== Listed records ==
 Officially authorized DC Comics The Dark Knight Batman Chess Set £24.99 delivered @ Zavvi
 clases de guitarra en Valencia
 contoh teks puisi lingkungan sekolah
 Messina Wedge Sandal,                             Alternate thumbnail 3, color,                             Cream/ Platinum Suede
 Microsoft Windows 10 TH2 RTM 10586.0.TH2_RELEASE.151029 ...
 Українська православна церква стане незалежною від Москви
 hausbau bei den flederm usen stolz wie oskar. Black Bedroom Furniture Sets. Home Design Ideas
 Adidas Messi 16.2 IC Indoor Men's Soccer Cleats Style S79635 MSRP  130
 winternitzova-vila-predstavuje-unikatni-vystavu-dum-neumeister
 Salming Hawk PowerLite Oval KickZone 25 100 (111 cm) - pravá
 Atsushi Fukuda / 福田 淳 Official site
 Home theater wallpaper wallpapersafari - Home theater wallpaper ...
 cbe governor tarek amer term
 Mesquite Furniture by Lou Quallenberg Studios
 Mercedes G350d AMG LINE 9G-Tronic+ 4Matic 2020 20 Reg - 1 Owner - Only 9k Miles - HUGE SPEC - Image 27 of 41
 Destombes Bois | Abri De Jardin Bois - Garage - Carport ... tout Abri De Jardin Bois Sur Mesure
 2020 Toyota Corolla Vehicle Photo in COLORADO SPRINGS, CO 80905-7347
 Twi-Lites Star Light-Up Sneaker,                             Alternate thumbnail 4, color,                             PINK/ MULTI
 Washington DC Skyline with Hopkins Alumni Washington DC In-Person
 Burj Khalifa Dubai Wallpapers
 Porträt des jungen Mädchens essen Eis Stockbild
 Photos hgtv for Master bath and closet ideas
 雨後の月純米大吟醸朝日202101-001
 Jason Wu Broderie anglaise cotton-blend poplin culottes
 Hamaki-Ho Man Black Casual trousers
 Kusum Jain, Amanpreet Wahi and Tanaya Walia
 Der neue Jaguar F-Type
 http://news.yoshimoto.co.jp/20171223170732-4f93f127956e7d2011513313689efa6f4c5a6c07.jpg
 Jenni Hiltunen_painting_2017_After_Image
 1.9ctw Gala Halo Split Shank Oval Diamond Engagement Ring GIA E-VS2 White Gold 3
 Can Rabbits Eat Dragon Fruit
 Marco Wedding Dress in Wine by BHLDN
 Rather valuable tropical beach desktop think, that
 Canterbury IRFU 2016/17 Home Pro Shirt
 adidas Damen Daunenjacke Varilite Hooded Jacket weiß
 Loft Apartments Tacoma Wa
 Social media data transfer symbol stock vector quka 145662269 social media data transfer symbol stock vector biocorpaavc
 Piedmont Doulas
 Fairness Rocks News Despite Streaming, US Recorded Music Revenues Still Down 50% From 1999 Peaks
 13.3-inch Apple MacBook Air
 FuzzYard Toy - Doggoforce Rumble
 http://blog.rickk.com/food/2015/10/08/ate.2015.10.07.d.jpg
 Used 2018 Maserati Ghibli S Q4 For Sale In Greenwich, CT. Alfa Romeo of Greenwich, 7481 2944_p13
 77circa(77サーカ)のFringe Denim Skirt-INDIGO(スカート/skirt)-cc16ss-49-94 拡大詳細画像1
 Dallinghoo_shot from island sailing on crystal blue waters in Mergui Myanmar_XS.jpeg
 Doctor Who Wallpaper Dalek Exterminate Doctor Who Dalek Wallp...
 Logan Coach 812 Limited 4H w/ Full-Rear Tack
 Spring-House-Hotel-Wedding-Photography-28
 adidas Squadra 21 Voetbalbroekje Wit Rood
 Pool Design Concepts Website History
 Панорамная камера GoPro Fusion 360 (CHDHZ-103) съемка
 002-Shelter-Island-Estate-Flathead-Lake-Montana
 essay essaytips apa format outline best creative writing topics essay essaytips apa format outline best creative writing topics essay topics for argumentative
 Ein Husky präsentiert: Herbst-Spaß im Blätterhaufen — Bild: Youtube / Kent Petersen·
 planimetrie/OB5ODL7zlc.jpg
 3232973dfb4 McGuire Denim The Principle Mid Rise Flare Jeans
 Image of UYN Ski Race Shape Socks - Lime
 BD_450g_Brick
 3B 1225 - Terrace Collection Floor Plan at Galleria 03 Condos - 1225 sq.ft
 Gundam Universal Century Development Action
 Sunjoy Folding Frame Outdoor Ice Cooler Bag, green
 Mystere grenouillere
===
▸ Your assignment: Write down exactly the span of lines above from the one containing "Mercedes G350d AMG" to the one containing "Spring-House-Hotel-Wedding-Photography-28", both ends included.

▸ Output of the task:
 Mercedes G350d AMG LINE 9G-Tronic+ 4Matic 2020 20 Reg - 1 Owner - Only 9k Miles - HUGE SPEC - Image 27 of 41
 Destombes Bois | Abri De Jardin Bois - Garage - Carport ... tout Abri De Jardin Bois Sur Mesure
 2020 Toyota Corolla Vehicle Photo in COLORADO SPRINGS, CO 80905-7347
 Twi-Lites Star Light-Up Sneaker,                             Alternate thumbnail 4, color,                             PINK/ MULTI
 Washington DC Skyline with Hopkins Alumni Washington DC In-Person
 Burj Khalifa Dubai Wallpapers
 Porträt des jungen Mädchens essen Eis Stockbild
 Photos hgtv for Master bath and closet ideas
 雨後の月純米大吟醸朝日202101-001
 Jason Wu Broderie anglaise cotton-blend poplin culottes
 Hamaki-Ho Man Black Casual trousers
 Kusum Jain, Amanpreet Wahi and Tanaya Walia
 Der neue Jaguar F-Type
 http://news.yoshimoto.co.jp/20171223170732-4f93f127956e7d2011513313689efa6f4c5a6c07.jpg
 Jenni Hiltunen_painting_2017_After_Image
 1.9ctw Gala Halo Split Shank Oval Diamond Engagement Ring GIA E-VS2 White Gold 3
 Can Rabbits Eat Dragon Fruit
 Marco Wedding Dress in Wine by BHLDN
 Rather valuable tropical beach desktop think, that
 Canterbury IRFU 2016/17 Home Pro Shirt
 adidas Damen Daunenjacke Varilite Hooded Jacket weiß
 Loft Apartments Tacoma Wa
 Social media data transfer symbol stock vector quka 145662269 social media data transfer symbol stock vector biocorpaavc
 Piedmont Doulas
 Fairness Rocks News Despite Streaming, US Recorded Music Revenues Still Down 50% From 1999 Peaks
 13.3-inch Apple MacBook Air
 FuzzYard Toy - Doggoforce Rumble
 http://blog.rickk.com/food/2015/10/08/ate.2015.10.07.d.jpg
 Used 2018 Maserati Ghibli S Q4 For Sale In Greenwich, CT. Alfa Romeo of Greenwich, 7481 2944_p13
 77circa(77サーカ)のFringe Denim Skirt-INDIGO(スカート/skirt)-cc16ss-49-94 拡大詳細画像1
 Dallinghoo_shot from island sailing on crystal blue waters in Mergui Myanmar_XS.jpeg
 Doctor Who Wallpaper Dalek Exterminate Doctor Who Dalek Wallp...
 Logan Coach 812 Limited 4H w/ Full-Rear Tack
 Spring-House-Hotel-Wedding-Photography-28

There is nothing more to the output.